Chapter 2 investigates berries-extracted flavones, morin and quercetin, as photoinitiators. Both morin and quercetin exhibit visible light sensitivity and demonstrate their photoinitiation abilities under the irradiation of visible light. Meanwhile, their photoinitiation ability differences are observed in all kinds of photopolymerizations.
Chapter 3 introduces citrus-extracted naringin as a water-soluble natural photoinitiator. Naringin demonstrates its excellent visible light absorption in alkali environments and rapid photoreaction with the addition of a coinitiator upon exposure to visible light. Subsequently, a high-fidelity 3D printing is achieved. Meanwhile, the degree of alkaline manipulates the degree of crosslinking. Moreover, an additional monomer, sodium acrylate is introduced to endow the resulting materials with electro-active behavior. Crosslinked with sodium acrylate, the 3D-printed designed objects can transform their shape in the indicated direction in an applied electric field. Considering the lack of natural water-soluble photoinitiators, the development of naringin offers an environmentally friendly option for light-based 3D printing of waterborne materials.
Chapter 4 demonstrates a pomegranate-extracted ellagic acid as a water-soluble photoinitiator. Ellagic acid exhibits its light absorption in violet-cyan light range in alkali environments. Even though this finding is similar to the one of naringin, in identical conditions, ellagic acid can reach its best photoinitiation ability with less amount in photocurable resins. Furthermore, the water content is determined in terms of sufficient shear elasticity, ensuring successful bottom-up 3D printing without deficiency. With the optimized formula, a 3D-printed figurine with obvious facial texture is obtained. In addition, with the help of a bilayer multi-material motif, a programmed water-driven actuator can play a role in a smart switch. The developed ellagic acid-based photocurable formula can therefore be used in the protection of water-sensitive devices in an environmentally friendly manner.

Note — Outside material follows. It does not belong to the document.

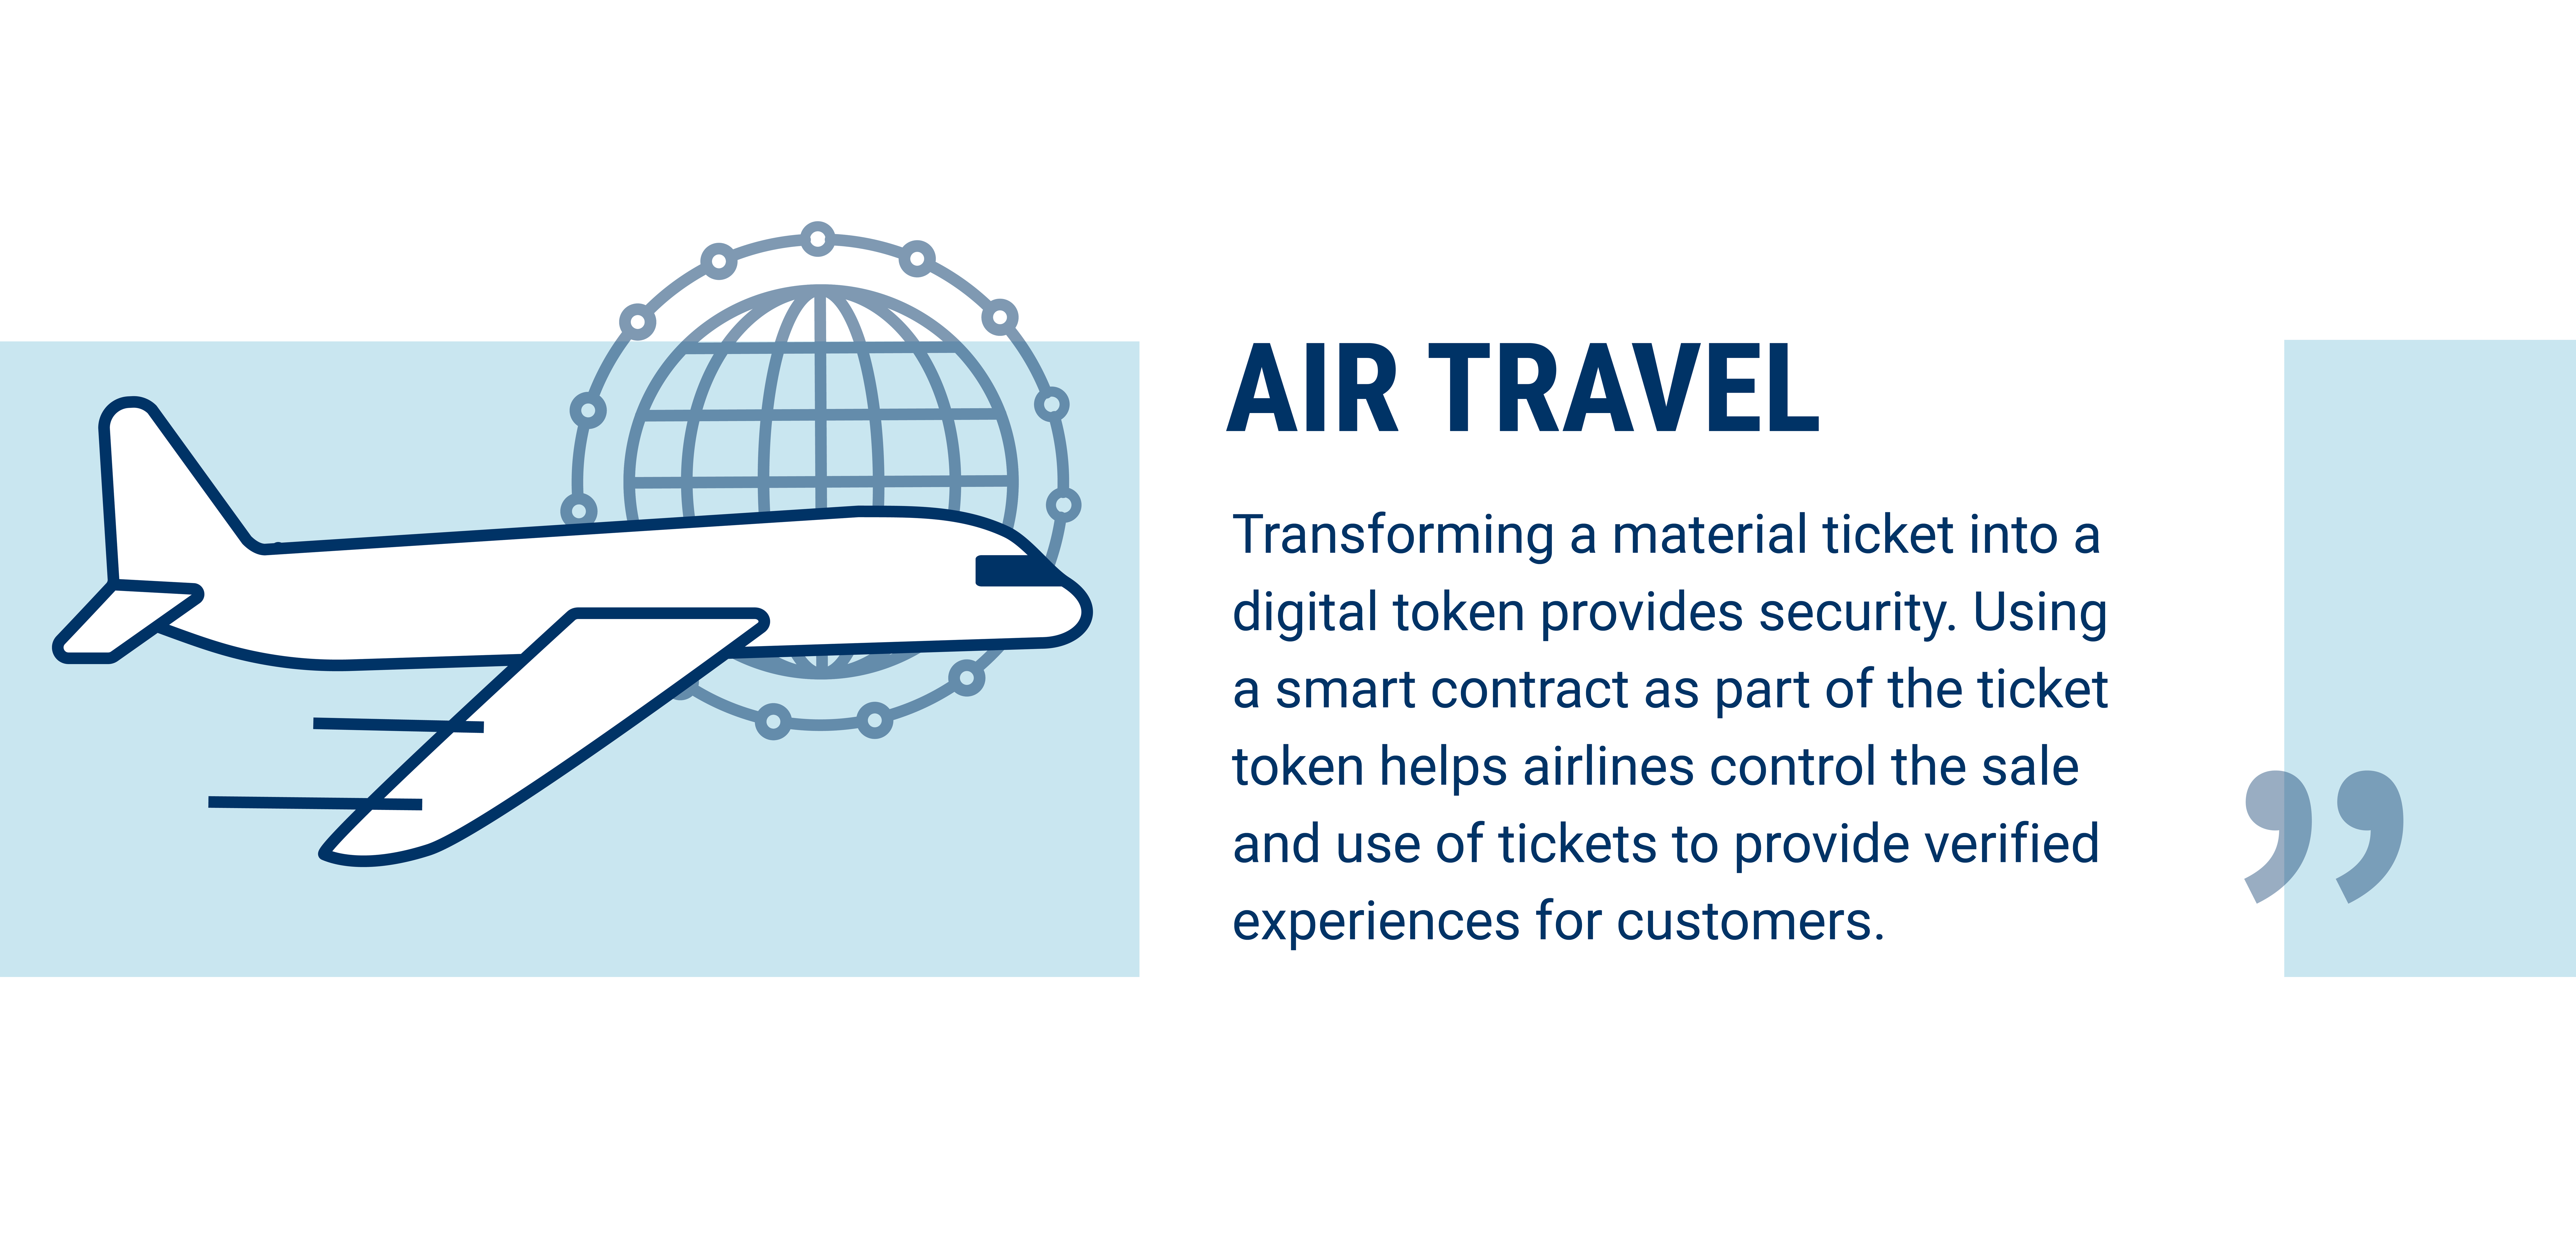 Air travel is being disrupted by blockchain technology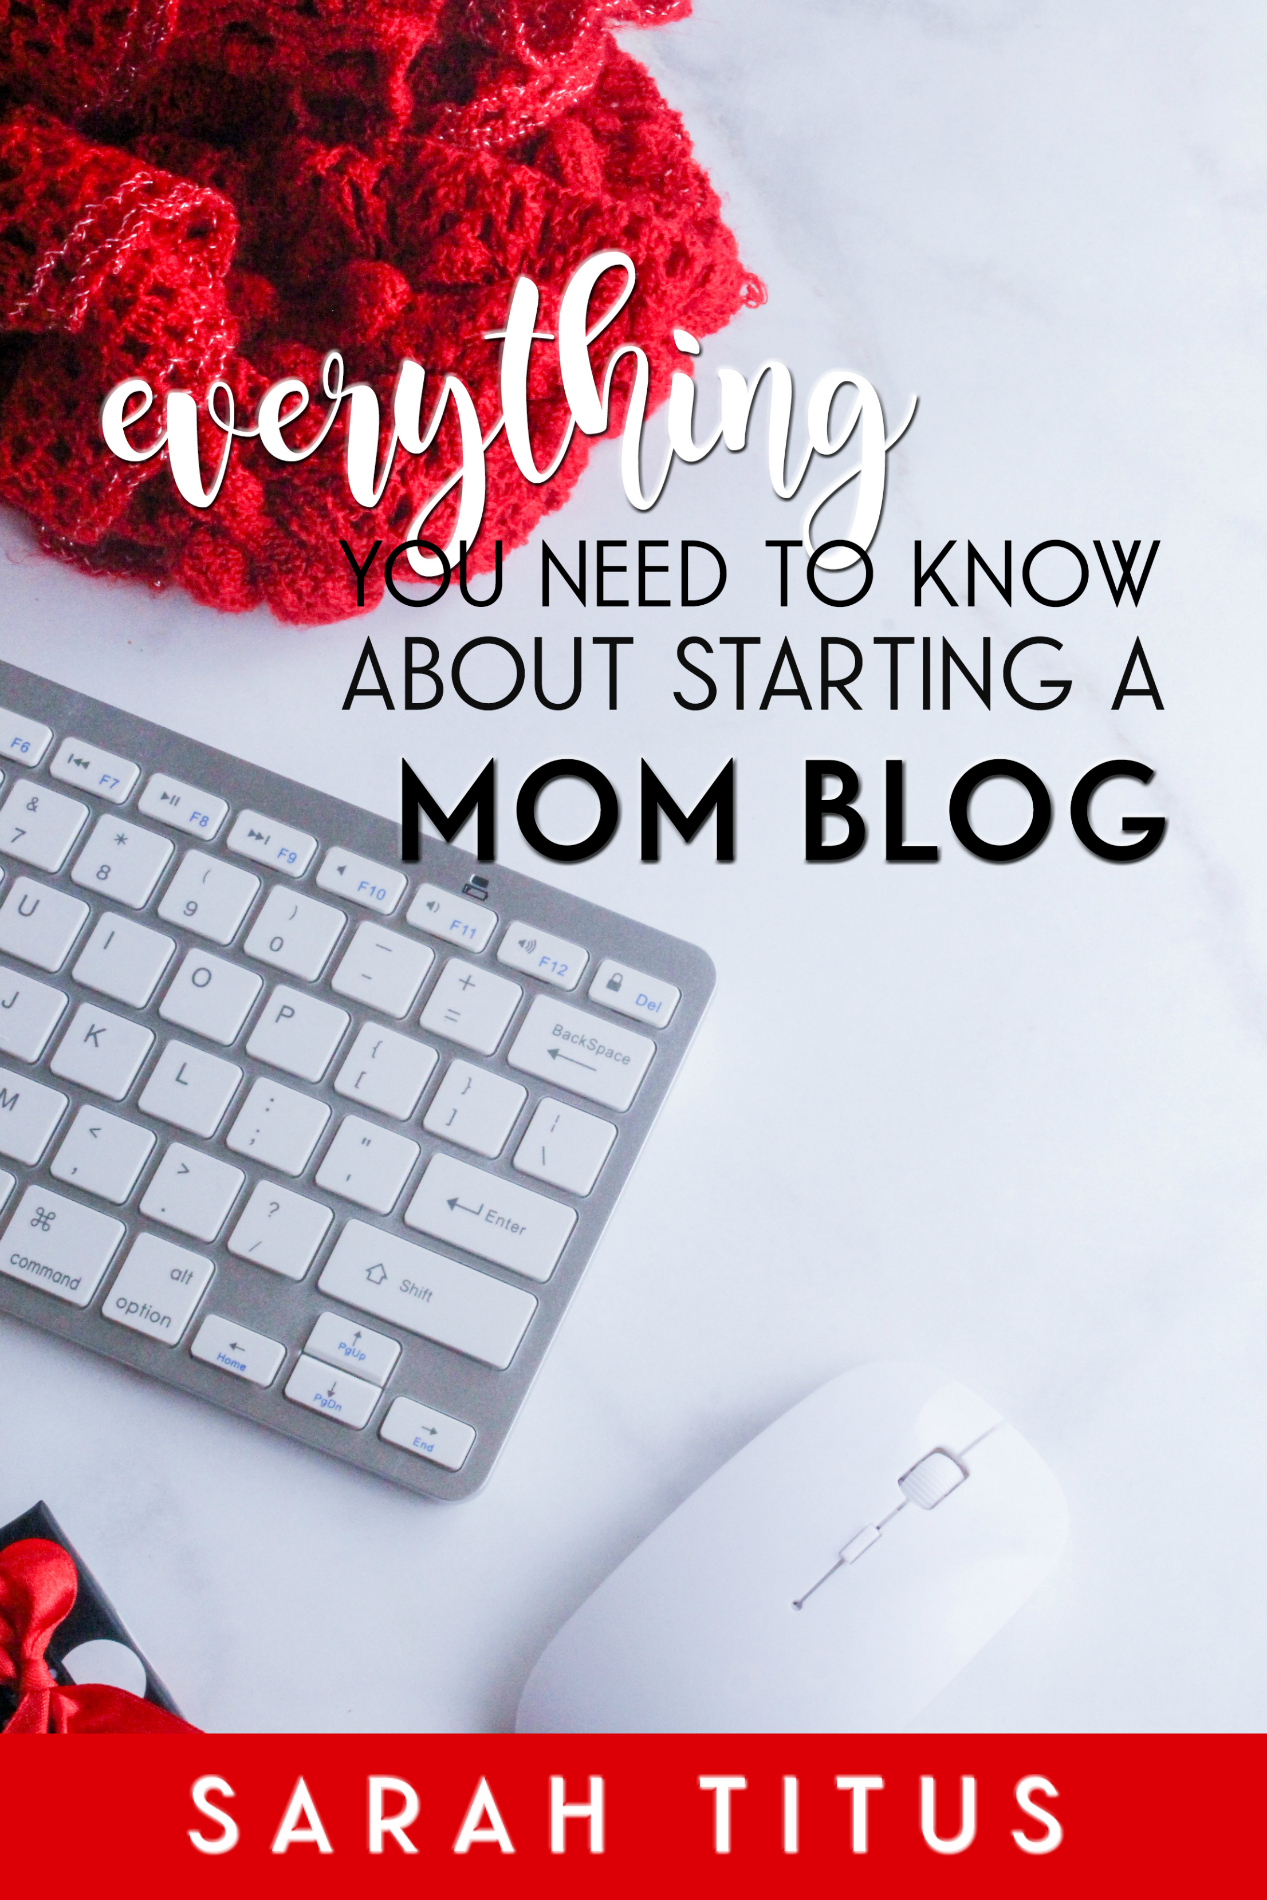 Starting a mom blog doesn't have to be overwhelming. You don't have to scour the internet trying to find the info. you need, it's all here in this ONE post!

Chapter 5 focuses on Indigofera extract, indigo carmine. Indigo carmine exhibits its light sensitivity and photoinitiation ability to violet-green light. This is the only organic salt natural compound among the ones mentioned in the present thesis. Because it's a sodium salt, the excessive introduction of NaOH decelerates the photoinitiation ability of indigo carmine due to the common-ion effect inducing reduced water solubility of indigo carmine. With the optimized formula, a complex surface structure was successfully 3D printed. A water-driven shape memory polymer is thereafter fabricated and exhibits reversible shape transformation in the presence and the absence of aqueous NaCl solution.